Should be 100% fine; don’t even have to worry about BIOS updates (in the sense that all mobos will have USB-based flash, IIRC).

USB flashback is integrated into the B650 chipset (and X670 is just two of them), so motherboard makers no longer need to add a separate IC with the flashing logic. But it's not mandated that it's supported, so not all budget boards add the required button and dedicated USB port.

BurritoJustice
Oct 9, 2012

Cygni posted:



Only 64mb of vcache for all three? Not 128mb for the 7950X? Kind of a bummer.

Word is, the 3D VCache CCD can only run up to 5GHz. So the 7950X3D is one VCache CCD, and one regular CCD. So the 5.7GHz clocks are on the regular cores, with the VCache cores running up to 5GHz.

It'll be a weird asynchronous design, basically AMD's first foray into big.Little. Except instead of "fast cores, slow cores" it'll be "faster for cache sensitive workloads, faster for cache insensitive workloads".

BurritoJustice
Oct 9, 2012

I think I might go crazy and buy a 7950X3D. I do more multicore stuff these days, and even my 12700H laptop embarasses my 9900K. Plus I mostly play strategy games that love VCache.
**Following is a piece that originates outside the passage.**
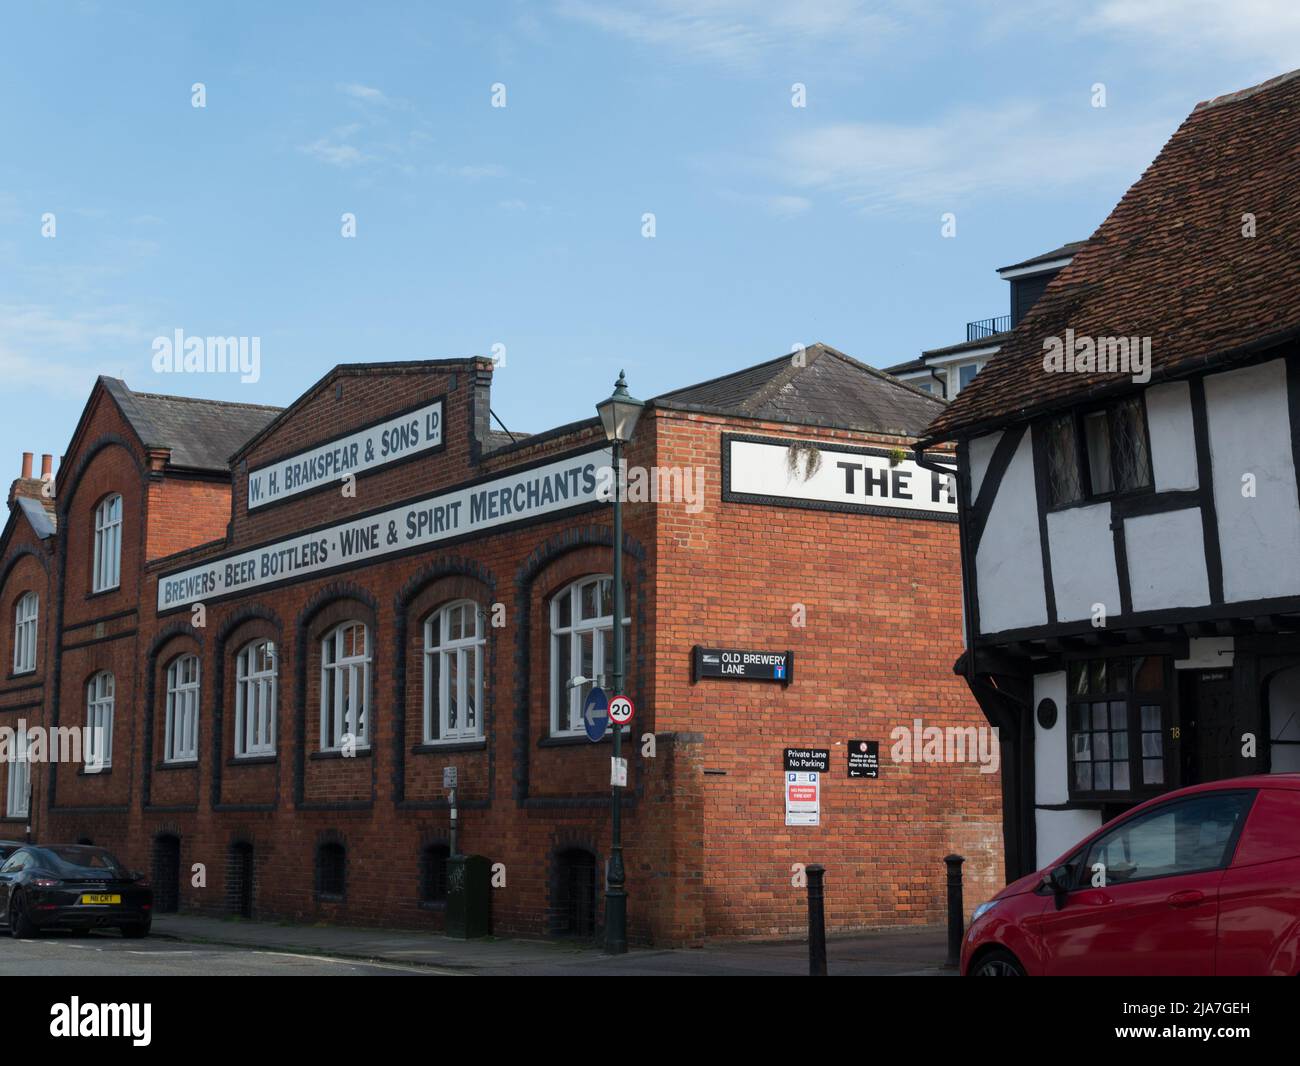 W H Brakspear and Sons Ltd Brewers beer bottlers wine and spirits merchants historic red brick building in Bell Street Henley-on-Thames Oxfordshire En Stock Photo

No idea how to approach the platform upgrade though, going to have to figure out how much to ask for my Z390 Waterforce (weird rear end limited edition waterblock only motherboard) and expensive DDR4.

BurritoJustice
Oct 9, 2012

ChickenWing posted:

I'd read that there were hardware instructions that had to be done at a software level if you had one of those gen chips (I can't remember the exact nomenclature but it had something to do with security) which is why gen 1 ryzens weren't "officially" supported - they work, but their performance was garbage. Did I misinterpret or was that a weird edge case that's unlikely to come up.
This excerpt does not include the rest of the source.